═════ SOURCE DATA ═════

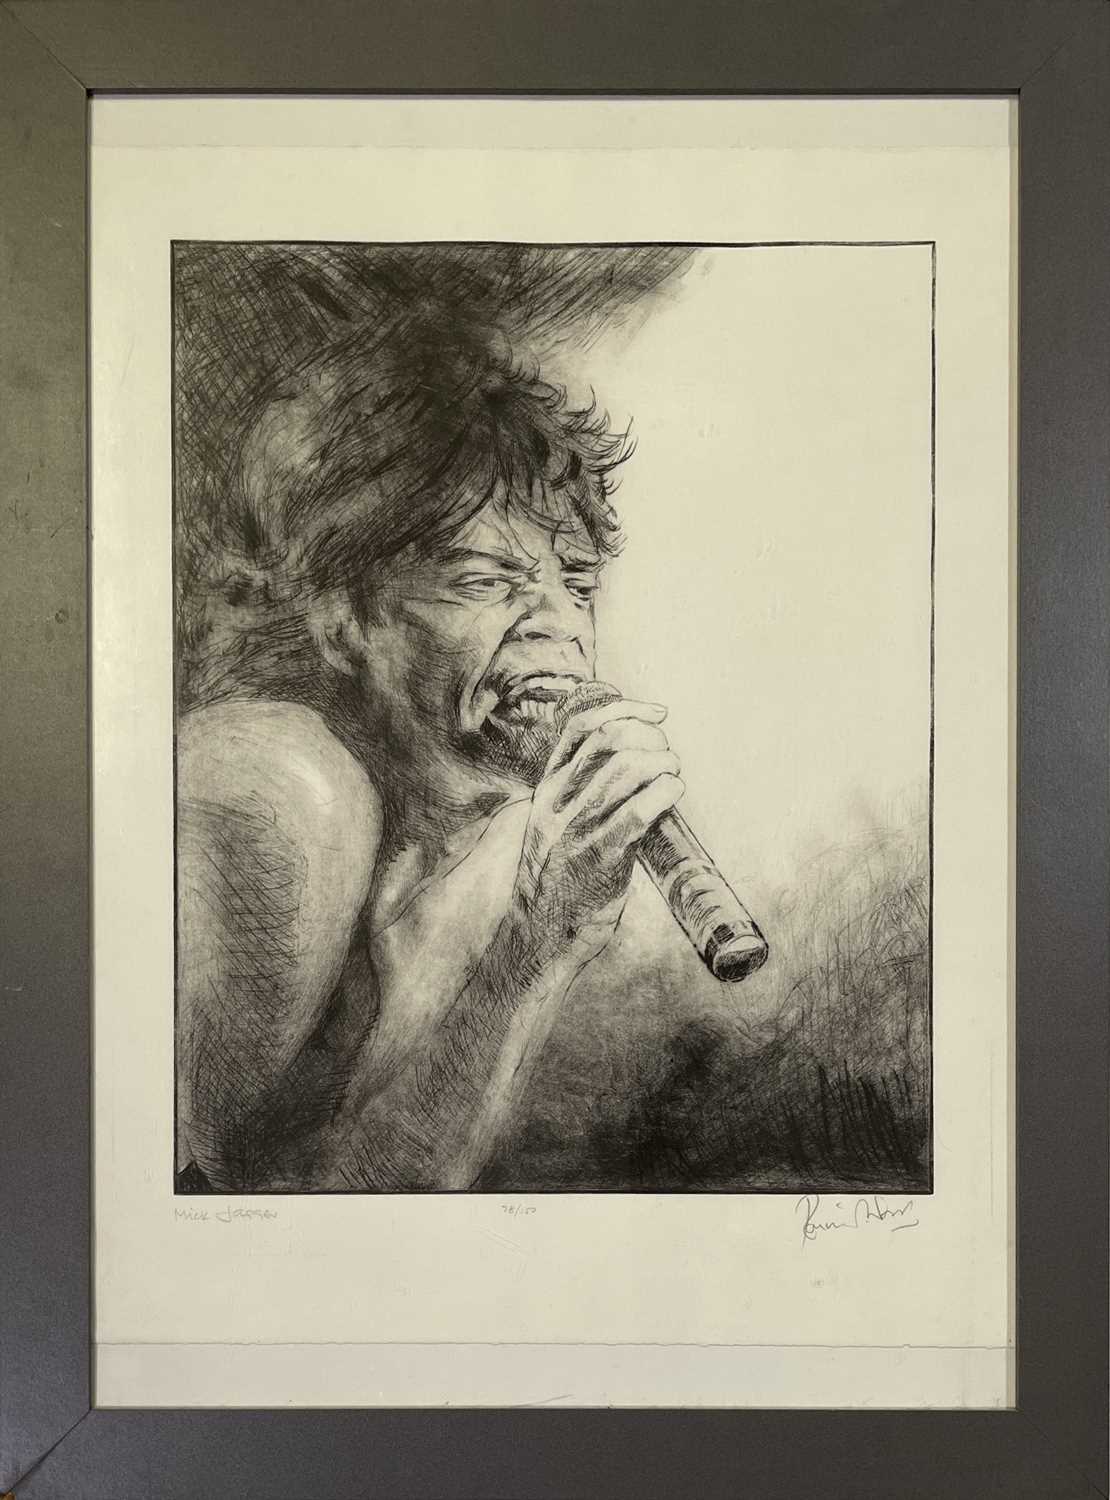 Lot 403 - THE ROLLING STONES - RONNIE WOOD - SIGNED LIMITED EDITION PRINT - MICK.
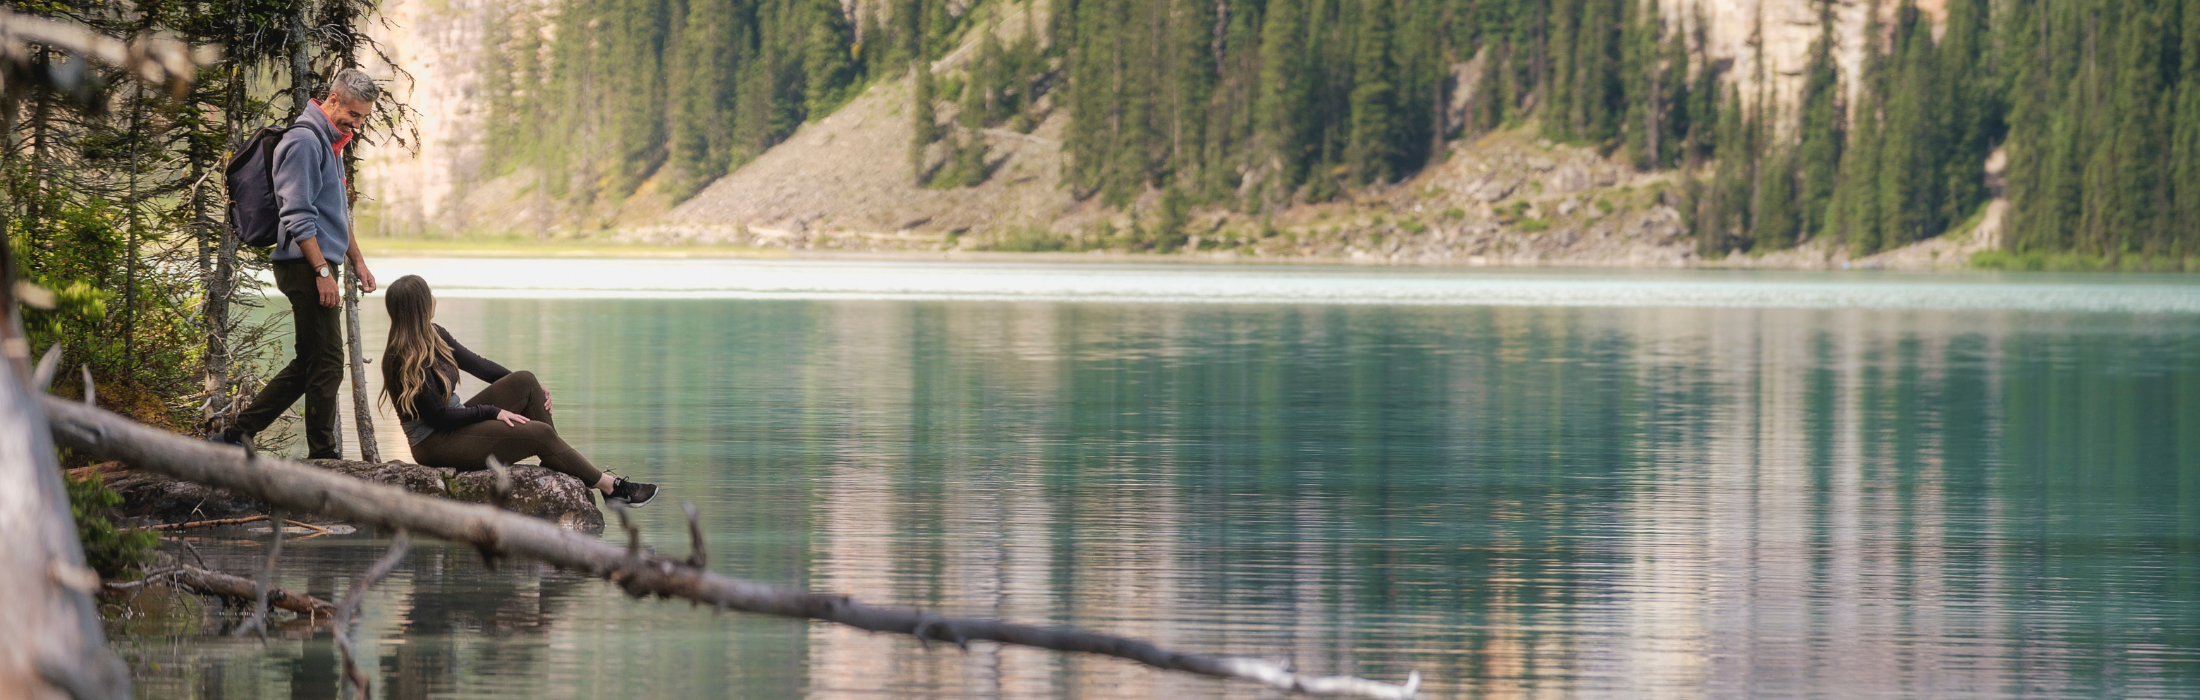 A Couple on Lake Louise shoreline in Spring/Summer
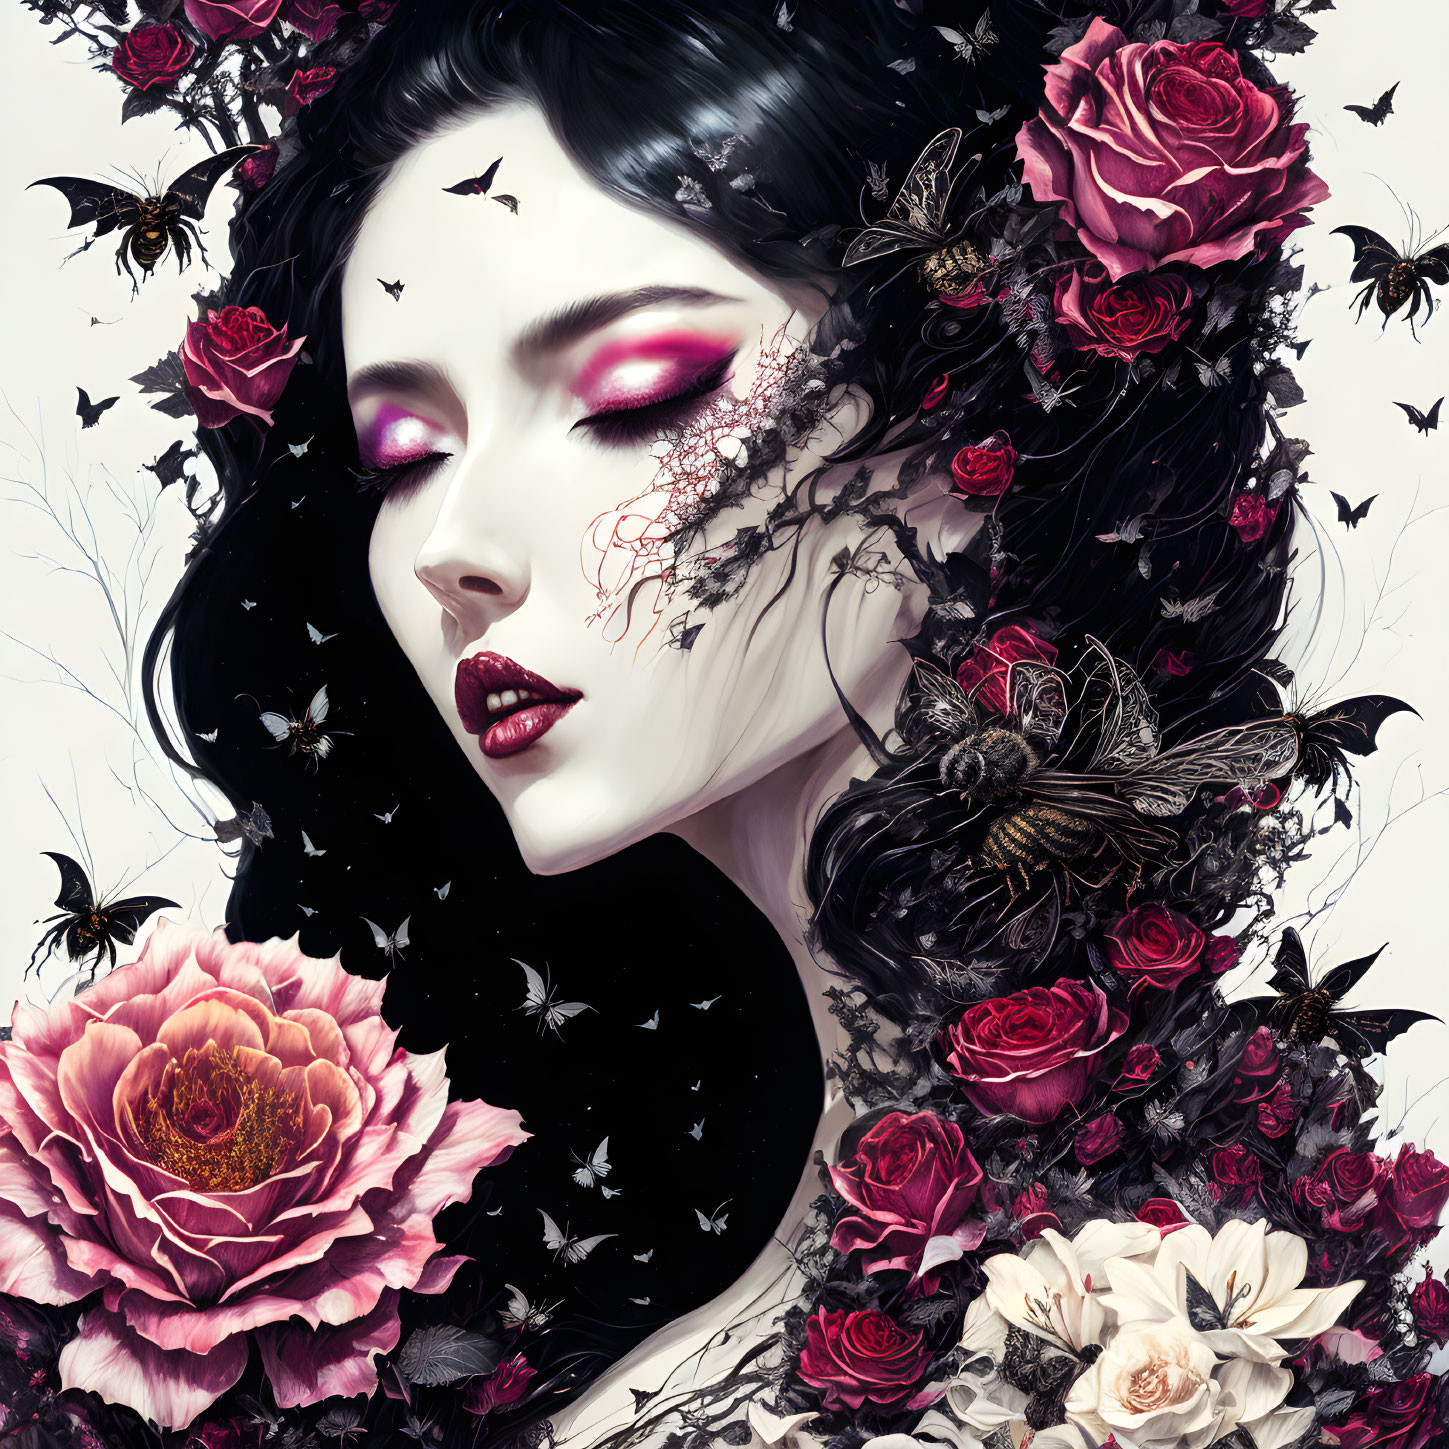 Digital Artwork: Woman with Dark Hair, Roses, and Insects in Gothic Fantasy Theme
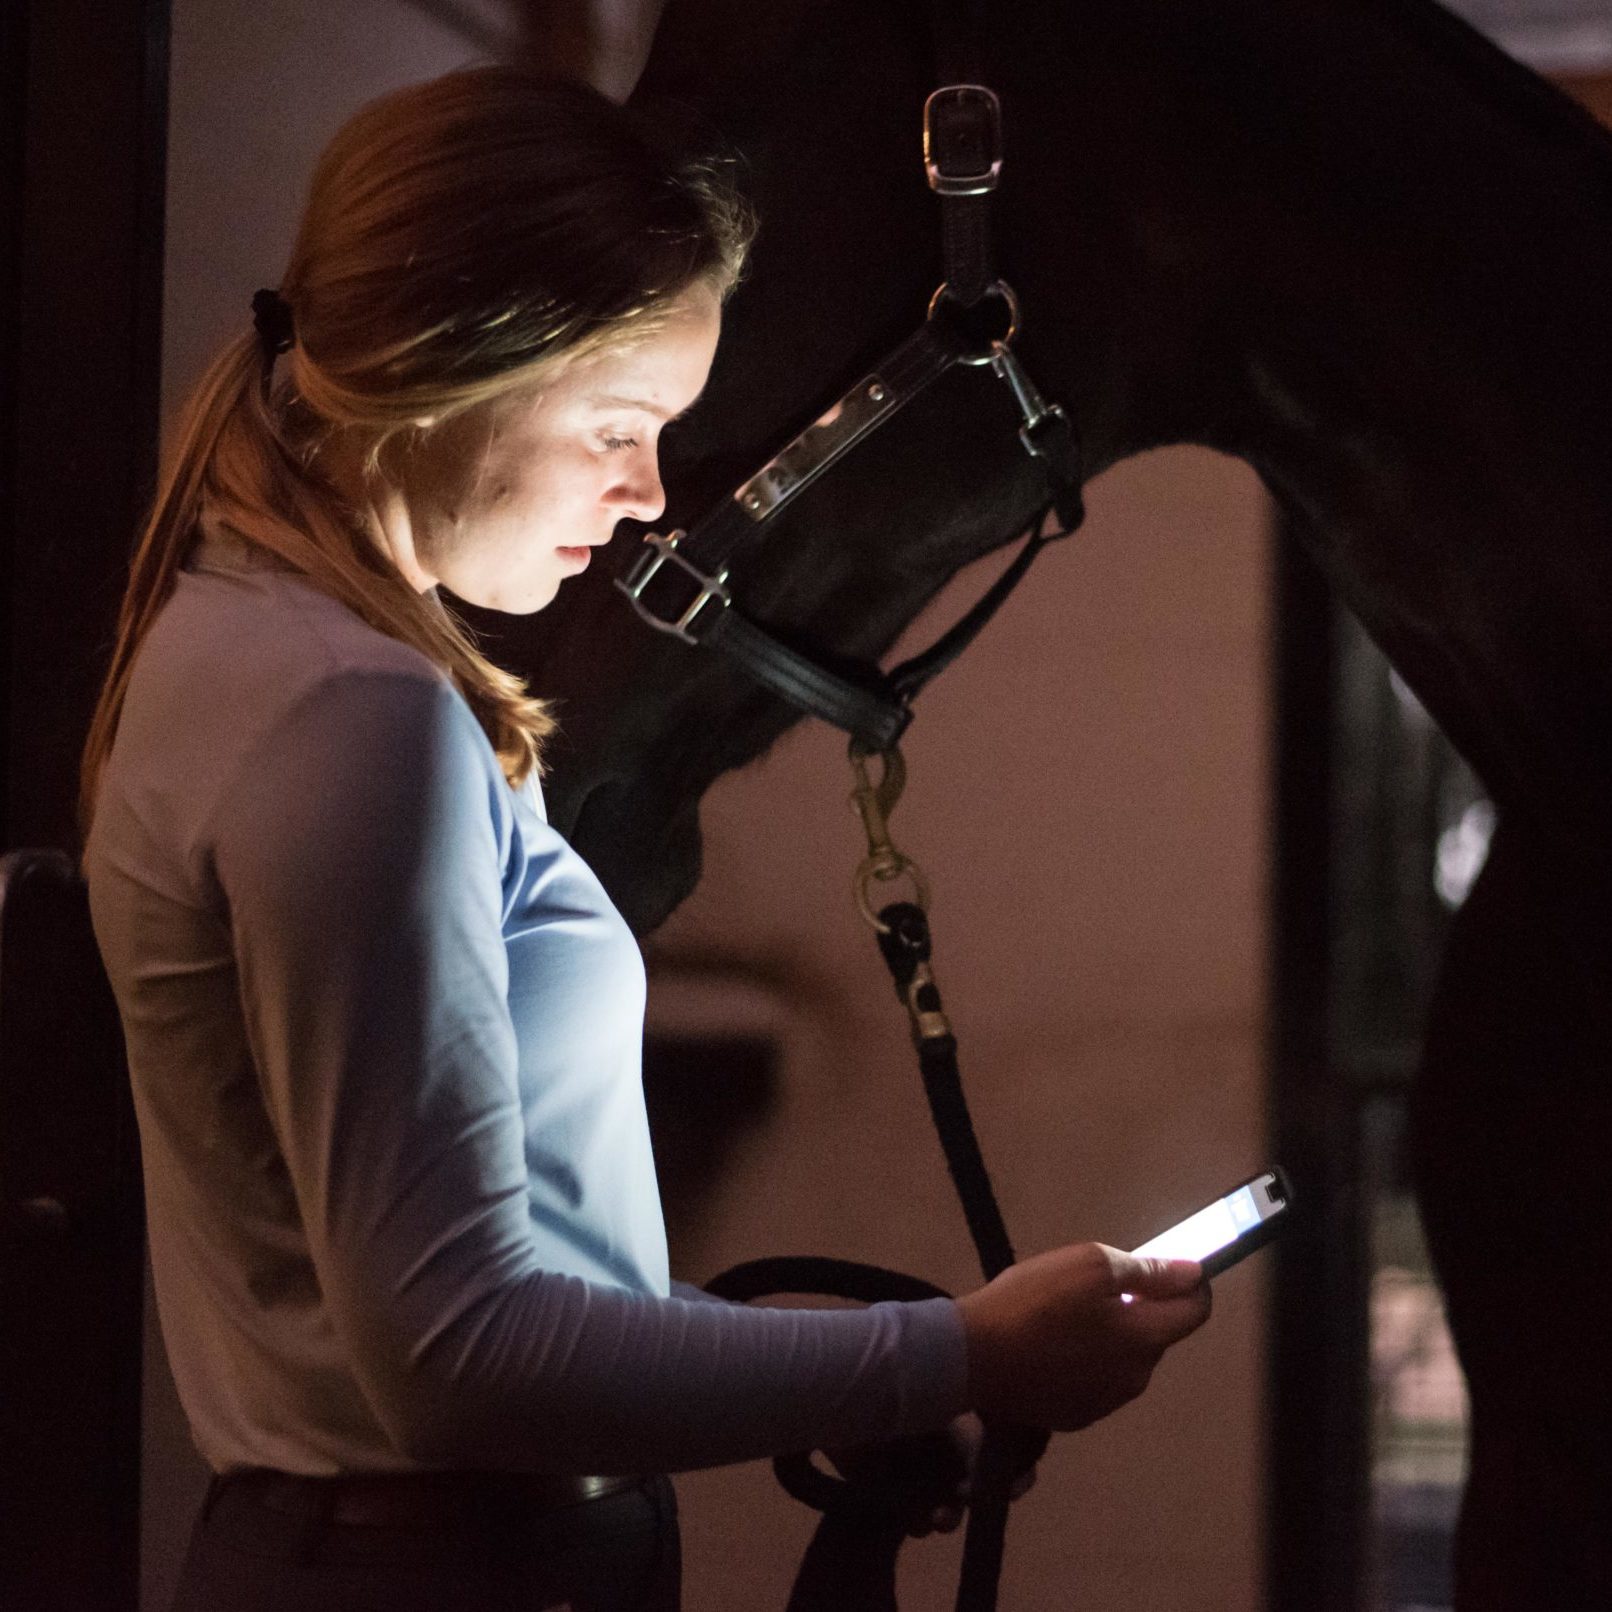 Equine entrepreneurs use task management software to keep their horse business organized.

═════

Through the line containing "Digital Artwork: Woman" and no further, restate the data above word for word from its first line, leaving out pictures.

 Lot 403 - THE ROLLING STONES - RONNIE WOOD - SIGNED LIMITED EDITION PRINT - MICK.
 A Couple on Lake Louise shoreline in Spring/Summer
 Digital Artwork: Woman with Dark Hair, Roses, and Insects in Gothic Fantasy Theme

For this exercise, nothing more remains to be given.